Ford previously told The Nevada Independent she was “infuriated” by the timing of the raises, given that they happened on the heels of Jara’s termination vote, when many of the same cabinet members walked out of the board meeting before business matters had been completed.

Jara said the board had been involved in discussions about the compensation increases for months. He described it as a “right-size” pay increase that would aid in recruitment and retention efforts, noting that it took eight months to hire a new chief communications officer and that all employee bargaining units received raises as well.

Even so, the executive pay increases ranged from 5 percent to 28 percent, in some cases placing them well above the 3 percent pay raises given to teachers this year. 

Jara said he knows teachers are “tired” and “frustrated” from the extra burdens placed on them during the pandemic. He cited use of federal funding to purchase better instructional materials as one attempt to lighten their workload. 

The district is "hurting just like everybody else in the nation," he said, when it comes to hiring. More than a quarter into the school year, the district still has more than 700 teaching vacancies, not to mention other difficult-to-fill but critical positions, such as bus drivers. Jara said the Teacher Recruitment and Retention Commission he formed last year meets again Wednesday.

As for employees’ concerns about not being heard or being afraid to speak up, Jara pointed to an anonymous reporting portal called EthicsPoint Incident Management System as a tool to gather more feedback, though he said its use so far has been low. 

The superintendent also defended his decision this year to implement principal improvement plans, which he described as supportive rather than punitive, during an already chaotic time in education. 

“Our kids can’t wait,” he said, echoing a sentiment he expressed even before the pandemic upended education delivery models.

Ultimately, accountability for student success falls at the door of the superintendent, and the COVID-19 pandemic certainly didn’t help Jara’s quest to dramatically improve academic outcomes. 

Statewide standardized test scores from the spring show a precipitous drop in Nevada students’ math and reading skills compared with the 2018-2019 school year. The Clark County School District operated in distance-education mode for much of the 2020-2021 school before gradually bringing back students in the spring.

Jara said the board will consider approving a multi-tiered systems of support (MTSS) policy, and the district will be launching a literacy plan, too. The board agenda item for the MTSS policy describes it as a “data-informed problem-solving process to ensure continuous school improvement by matching multiple tiers of instruction and intervention to meet the needs of every student.”

Jara, however, has encountered pushback for appearing to flout the state-mandated reorganization law known as AB469, which was supposed to give principals and school communities more decision-making autonomy in a bid to boost student achievement. The theory was that principals and school communities better know the needs of their students and what it will take to make them succeed. 

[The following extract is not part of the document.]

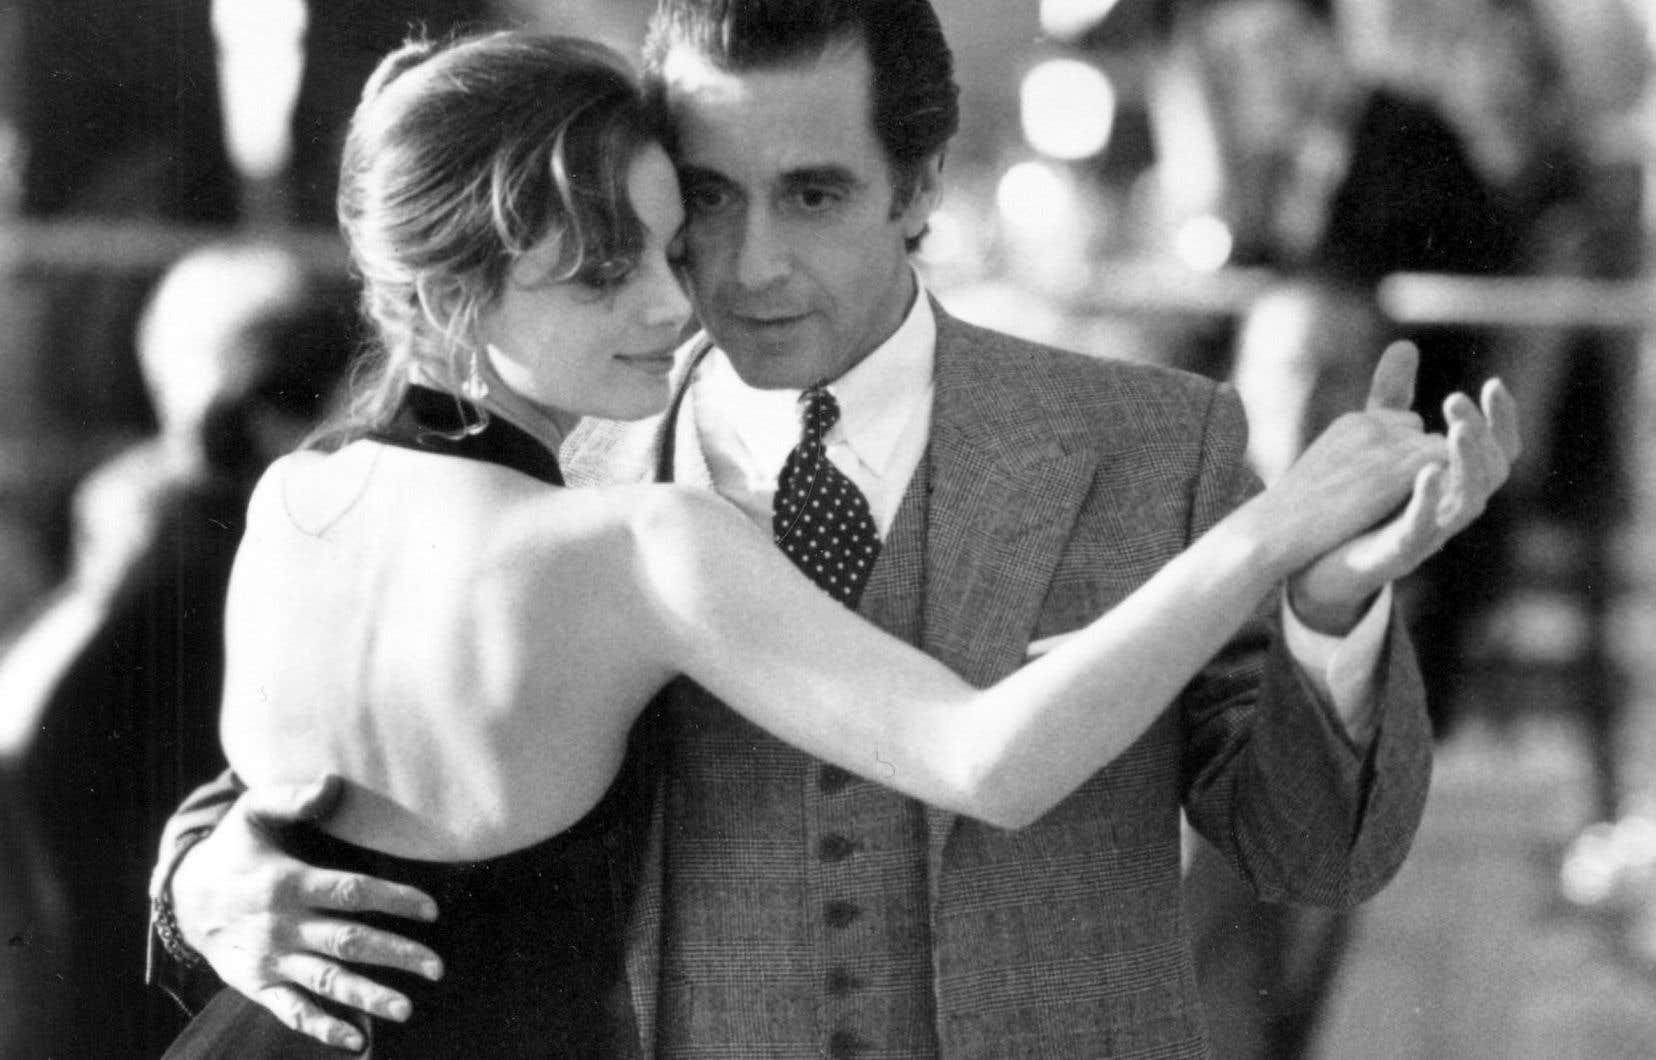 L'amour est une danse aveugle, pas une comptabilité où le désir est systématiquement objectifié. Al Pacino dans «Scent of a Woman» en tanguero atteint de cécité.

Critics say his top-down leadership style doesn’t mesh with that law. Jara contends the large district needs coherent curriculum, professional development and assessment practices, especially given the student transiency rate. About 19 percent of Clark County students do not finish the academic year in the same school where they started it.

“There some things that ... should be standardized,” he said. “I stand by them because the research calls for that.”

In the end, Jara’s legacy as superintendent may boil down to a question dividing trustees and community members alike: Is he a headstrong leader, incapable or unwilling to accept direction, or a disrupter fighting a system resistant to change? 

“I’m never going to apologize for my drive for our kids,” Jara said. “I want the parents in this community to know that I lost many nights of sleep because I felt like in some cases the system wasn’t doing enough.”